The problem crashed with the initialization error. From the call stack, it seems like it crashed when it tries to release some resource. The whole program is kinds of large. The basic logic is that, it first calls train() which creates the model, and run the training. Then, it calls the predict(), which also creates the model and run the prediction. The program is running distributed in 8 GPUs. Each GPU only predicts part of the test files and then rank=0 will concatenate those files.
The crash is at the prediction phase. Only one GPU crashes with this error and all other GPUs can finish the predictions well.
Any idea on the potential issues?
pytorch = 1.7.1
cuda = 10.2
To be clear, you’re not seeing any crash during training, however there is a crash at inference time? Do you have a script to reproduce this issue?
yes. no issue at training. it crashes only on inference. The code is kind of large and it is hard to extract. One strange thing is that if i skip the training and run the inference only, it runs well with loading previously trained model.

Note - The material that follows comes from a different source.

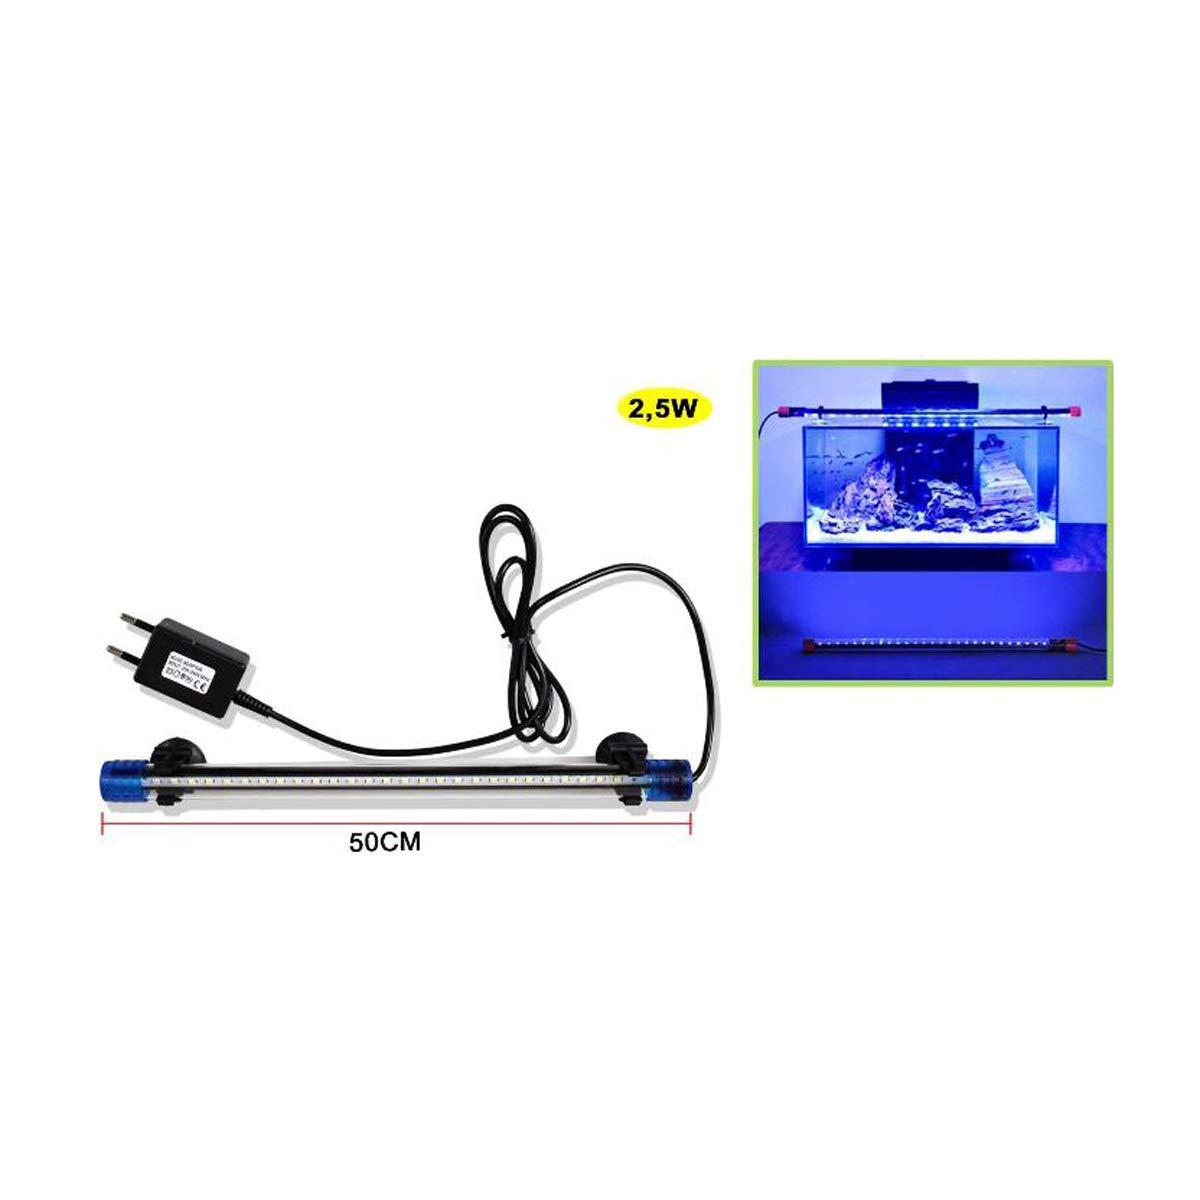 Cisne 2013, S.L. Lampara para Acuario LED 50cm pecera Sumergible. Tira de luz LED Medida 50cm 2W de Potencia.: Amazon.es: Hogar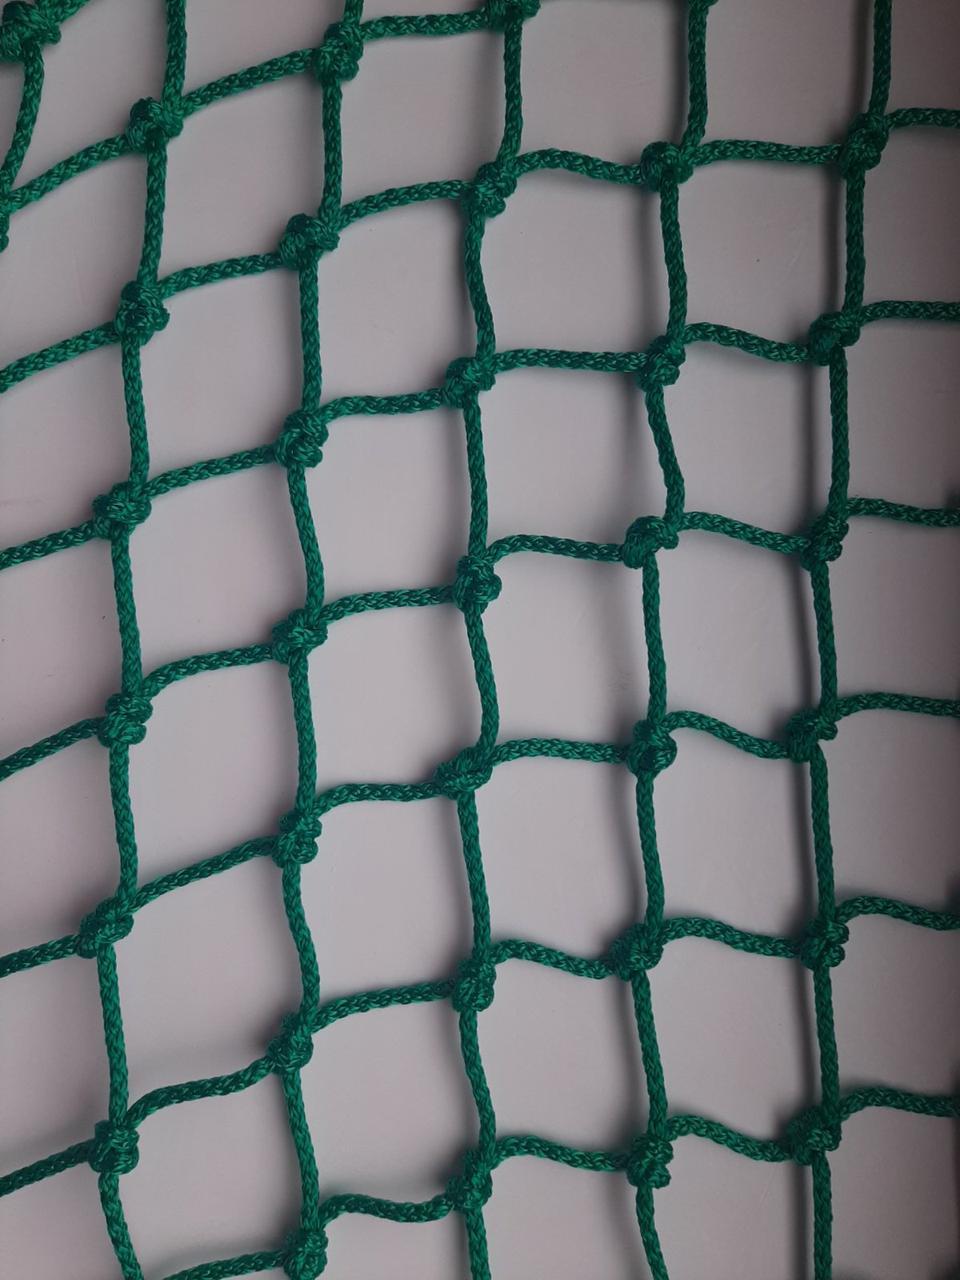 Загороджувальна сітка д 3,5 осередок 15 огороджувальна сітка захисна сітка.

Thanks. Problem solved, but the root cause is unknown. Here is the story for reference. The program first calls train() to do model training, where the model will be built, optimizer will be constructed, and learning rate scheduler will also be initialized. The learning rate scheduler is based on a lambda expression. After train(), supposedly, the learning rate scheduler/model/optimizer should be collected by teh garbage collector, but not. The reason seems to be the lambda expression-based learning rate scheduler. In this case, the model/optimizer also are in the GPU memory without releasing resources. Then, in test(), the model will be re-built, which might have some issues, although the crash should be on data loader (if #workers is 0, also no issues). After refactoring the learning rate scheduler by removing the lambda expression, everything works fine.